YOUR ASSIGNMENT. Retype all of the data word for word, without pictures.

MATERIAL PROVIDED.
--------------------------------

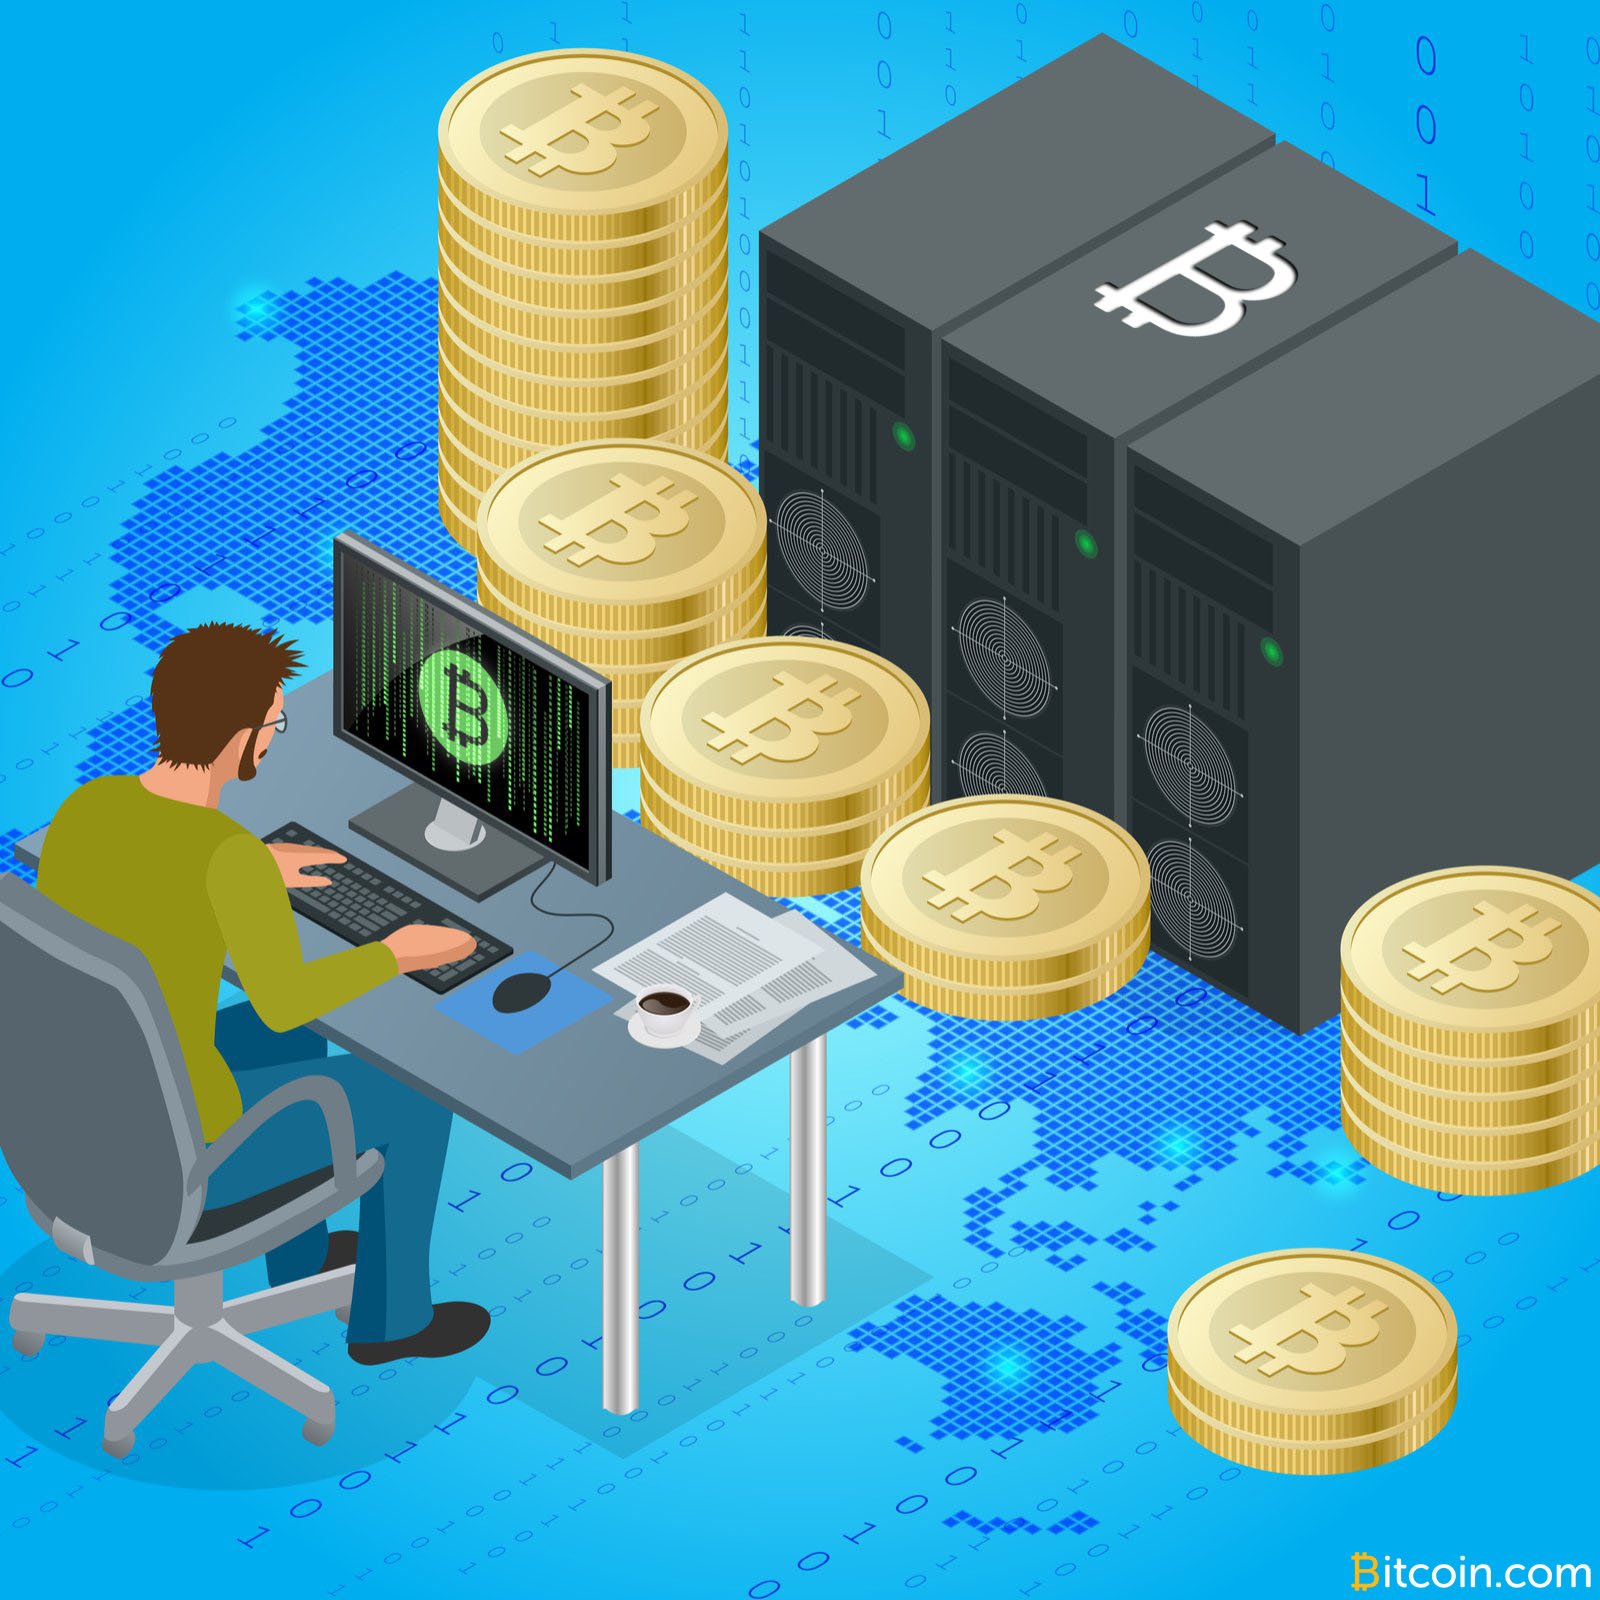 darbo pradžia su bitcoin mining
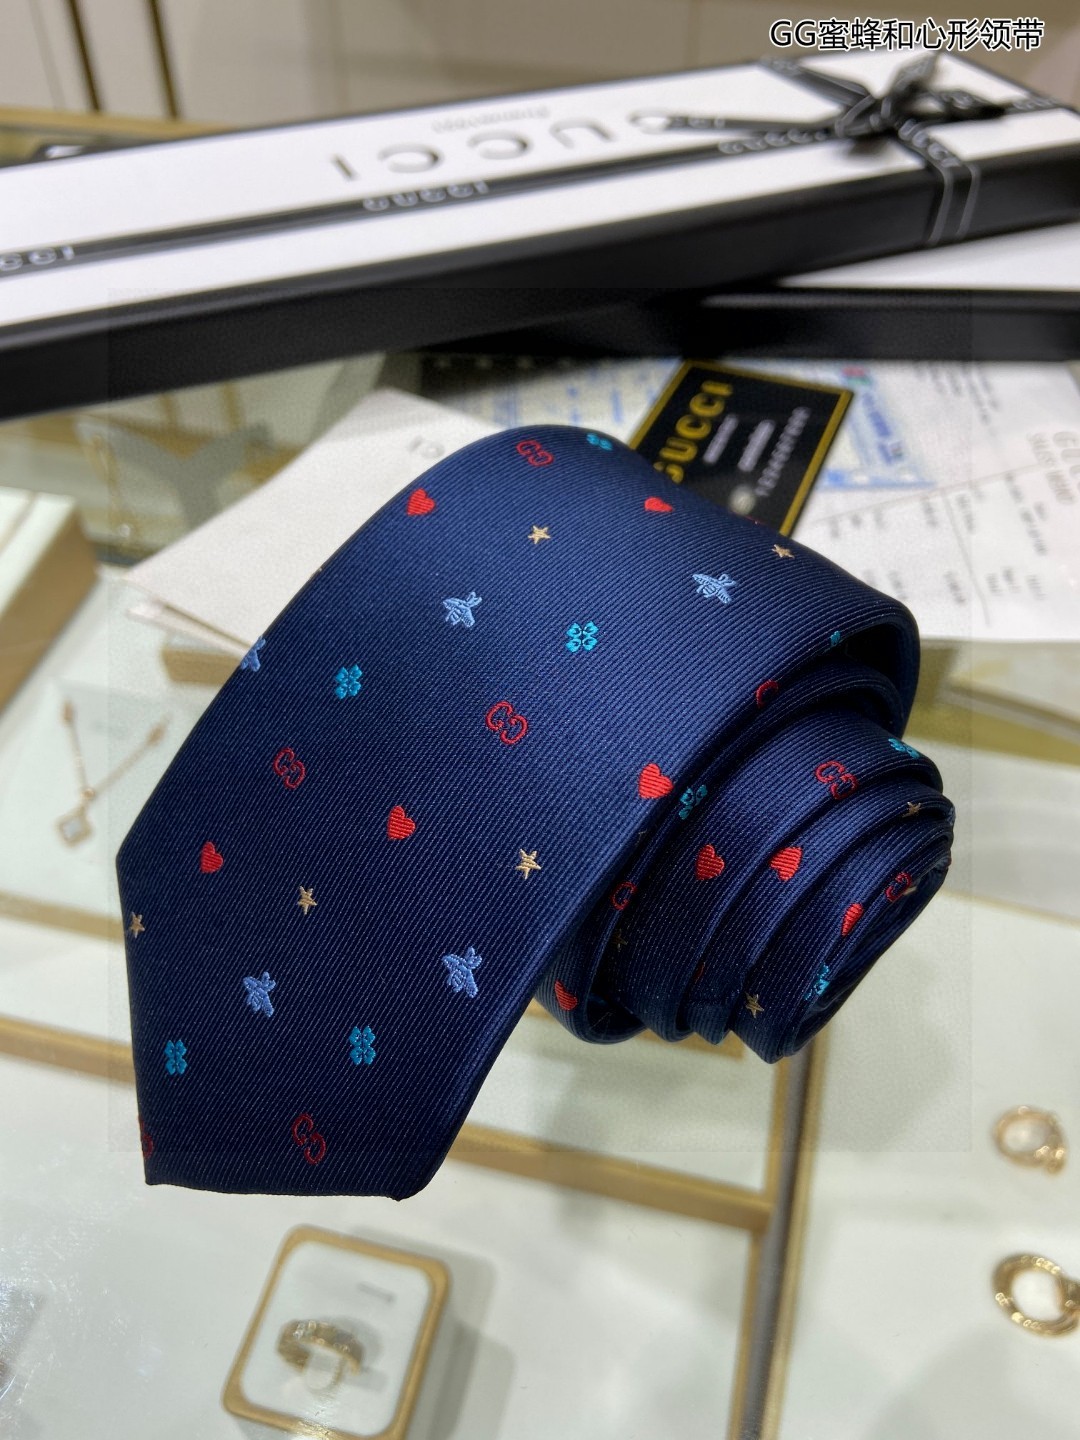 特价G家男士领带系列GG蜜蜂和心形领带稀有采用经典主题动物绣花展现精湛手工与时尚优雅的理想选择这款领带将
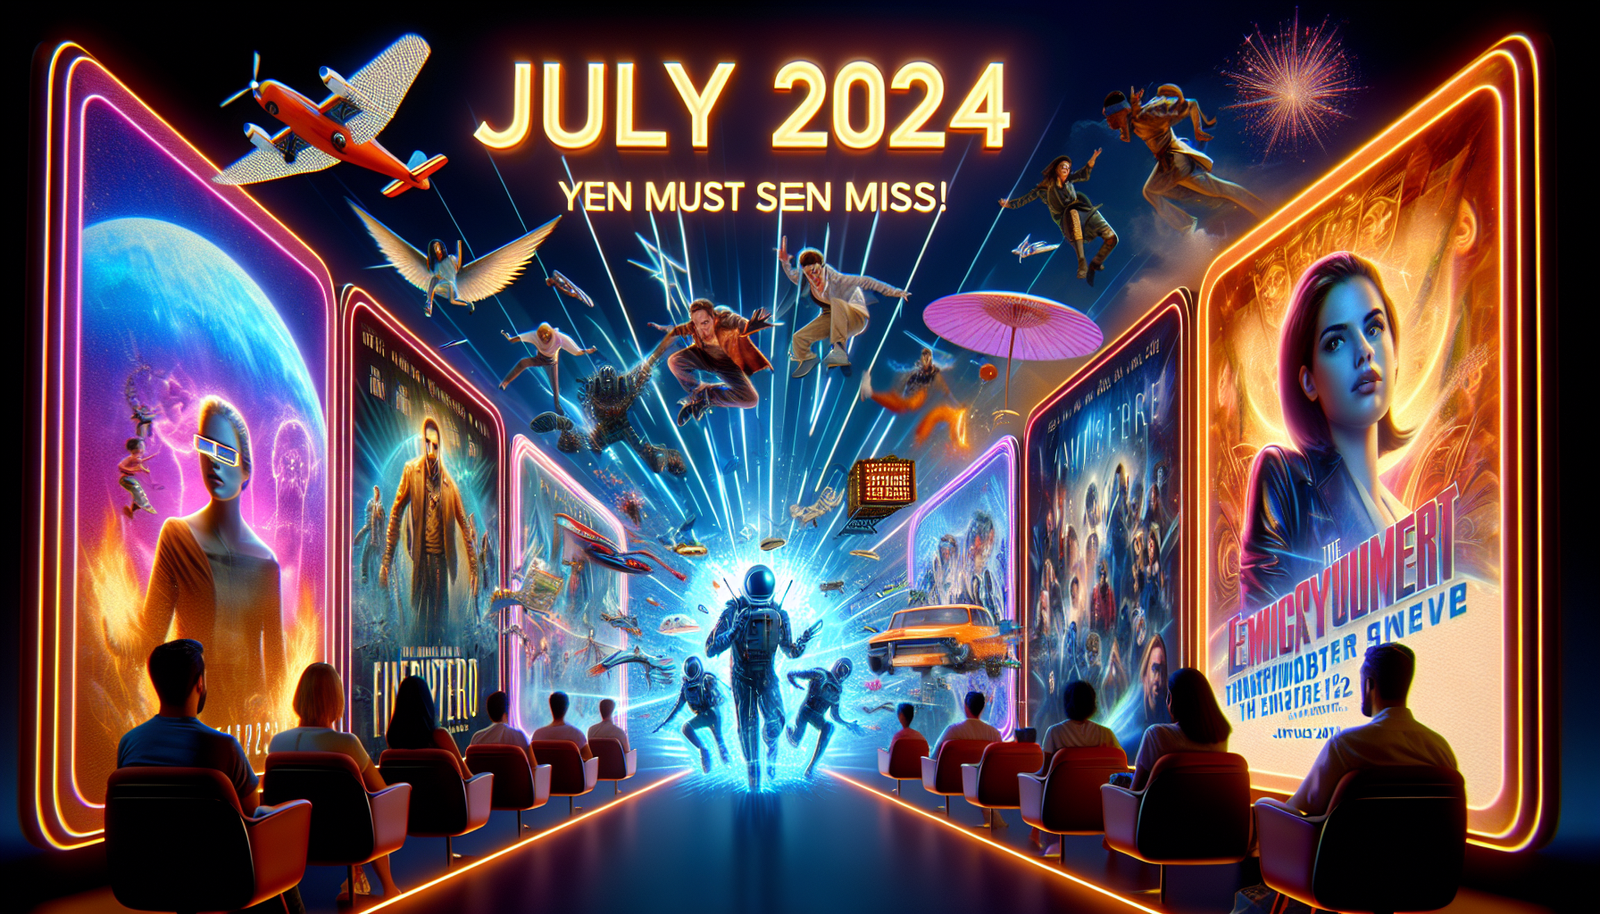 Entdecken Sie die unglaublichen neuen Shows und Filme, die im Juli 2024 auf Netflix erscheinen und die Sie sich einfach nicht entgehen lassen dürfen. Machen Sie sich bereit zum Staunen!

--------------------------------

EXERCISE OUTPUT.
 darbo pradžia su bitcoin mining
 特价G家男士领带系列GG蜜蜂和心形领带稀有采用经典主题动物绣花展现精湛手工与时尚优雅的理想选择这款领带将
 Entdecken Sie die unglaublichen neuen Shows und Filme, die im Juli 2024 auf Netflix erscheinen und die Sie sich einfach nicht entgehen lassen dürfen. Machen Sie sich bereit zum Staunen!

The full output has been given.